Despite its explanatory power regarding certain aspects of financial depressions, Marxist economic theory faces significant challenges. Most notably, while Marxism has offered compelling critiques of capitalism’s instabilities, attempts to implement Marxist economic systems have failed to produce sustainable alternatives in complex industrial economies.

One theoretical issue involves the misapplication of economic cycle models. Some Marxist economists have utilized Nikolai Kondratiev’s long-wave theory, operating under the incorrect assumption that Kondratiev was a Marxist due to his early work in the Soviet Union. In reality, Kondratiev was not a Marxist theorist, and his economic cycle theory has been misappropriated in certain Marxist analyses.

This misapplication has led to problematic interpretations of economic history. For instance, according to Carlota Perez’s technology cycle model, the early 1970s marked the end of the fourth technology cycle. However, in misapplied Marxist interpretations of Kondratiev waves, the 1970s appear in the middle of a cycle rather than at its conclusion. This misplacement has led some Marxist economists to incorrectly conclude that the declining health of old-line industries in the 1970s represented an exhaustion of profitability across the economy rather than a natural transition between technology cycles.

Further complicating matters, these Marxist interpretations often fail to acknowledge that the United States was not a significant industrial competitor during the first and second Kondratiev cycles, making the application of these cycles to U.S. economic history before the rise of internal combustion engine technologies problematic. Additionally, some analyses erroneously combine distinct technology cycles, such as merging the third cycle (steel and electricity) with the fourth cycle (oil and gasoline engines).

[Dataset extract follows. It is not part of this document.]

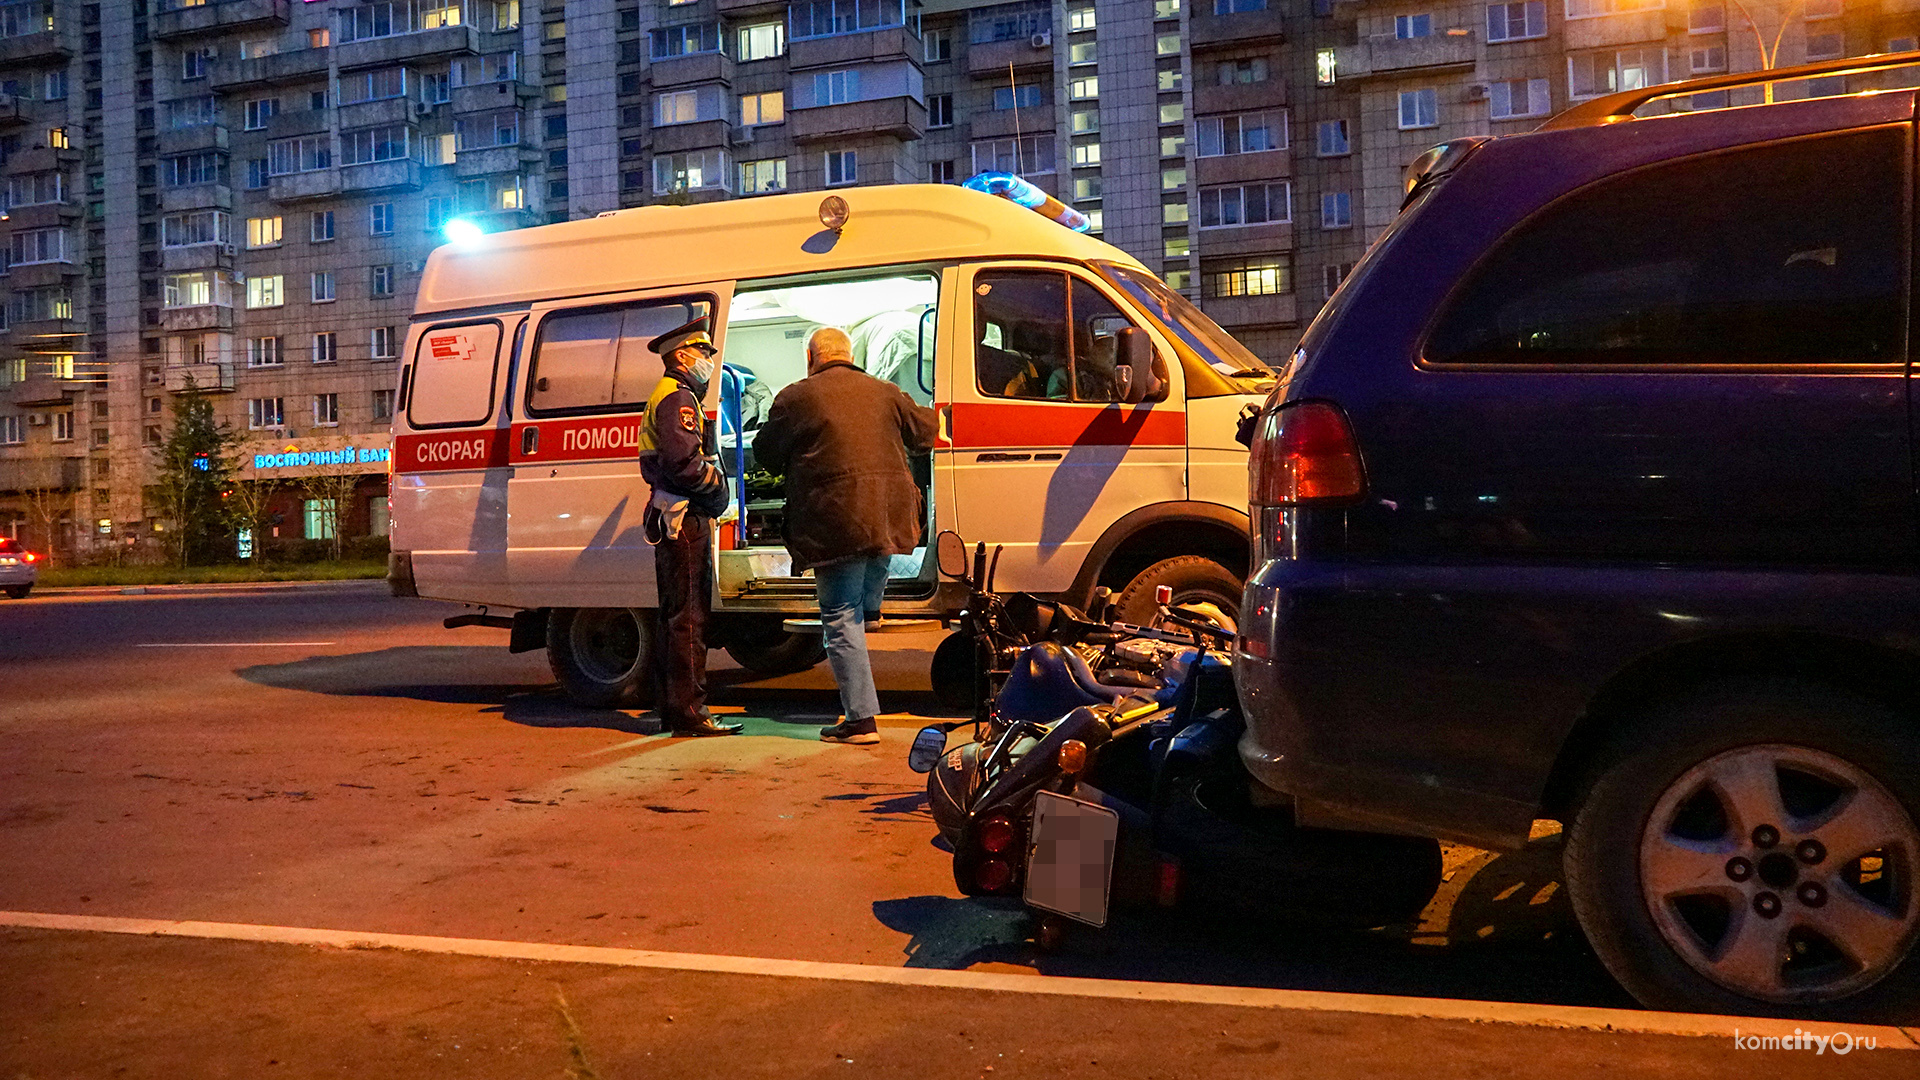 Мотобоулинг в Комсомольске-на-Амуре: в ДТП получили травмы два мотоциклиста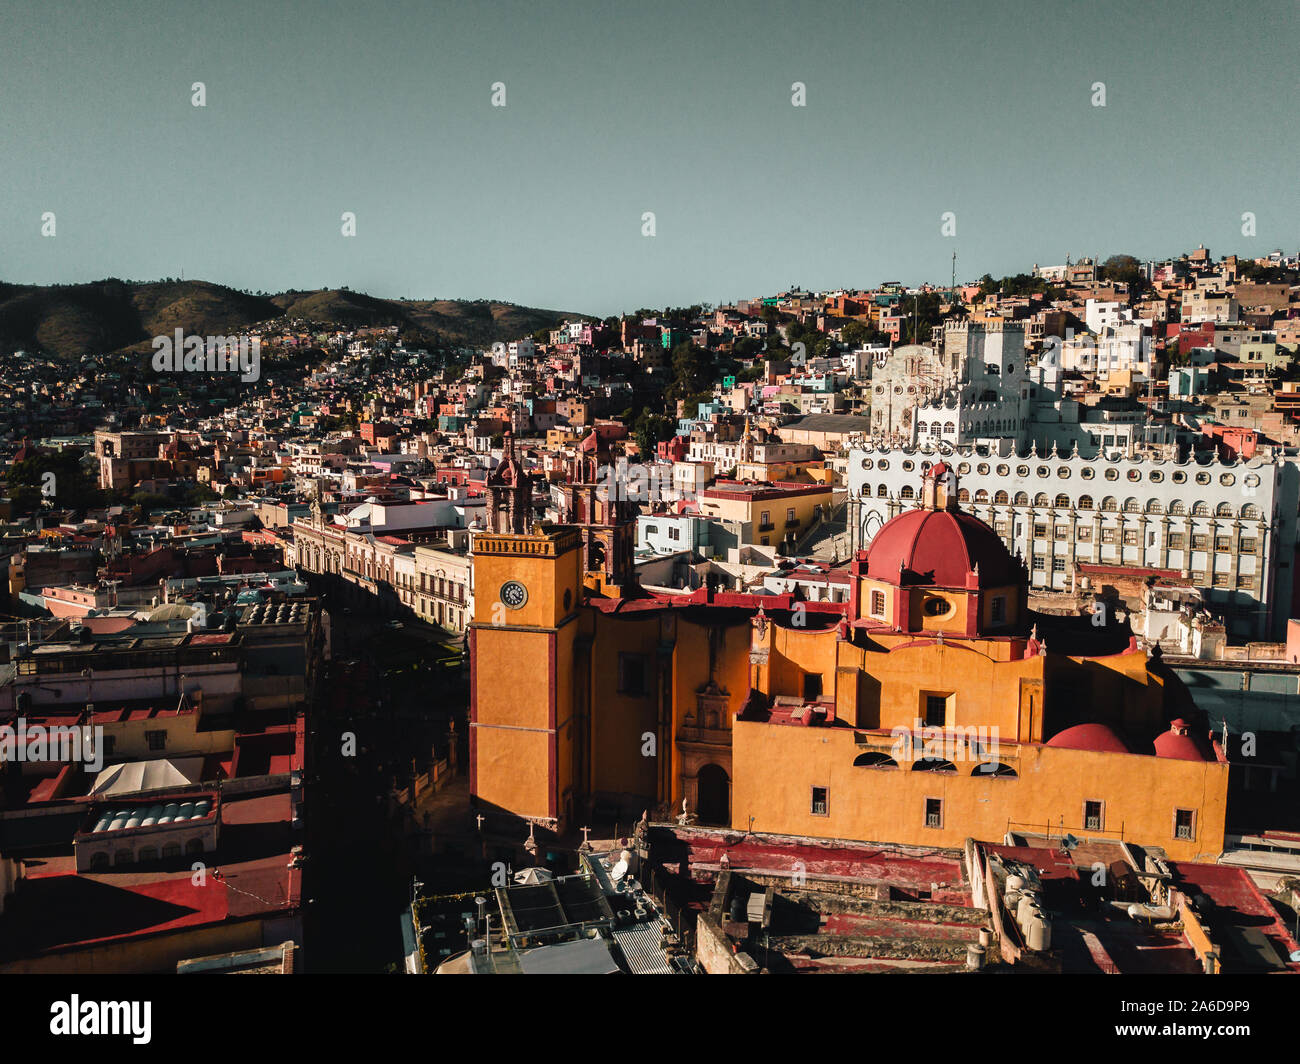 Riprese aeree del centro cittadino di Guanajuato, il centro sinistra è una delle molte chiese che può essere visto sparsi per questa città coloniale. Foto Stock

Potential Model Value of Marxist Analysis

Despite these limitations, Marxist perspectives on financial depressions retain significant analytical value in contemporary economic discourse. The 2008 Global Financial Crisis and subsequent recovery period have renewed interest in Marxist crisis theory, as many patterns identified by Marx and subsequent Marxist economists appeared to manifest once again.

The financialization of the economy preceding the 2008 crisis, with finance capital dramatically outpacing productive investment, echoed the patterns observed before the Great Depression. Similarly, the extended recovery period despite unprecedented monetary intervention by central banks suggests that deeper structural issues with profitability may have been at work, as Marxist theory would predict.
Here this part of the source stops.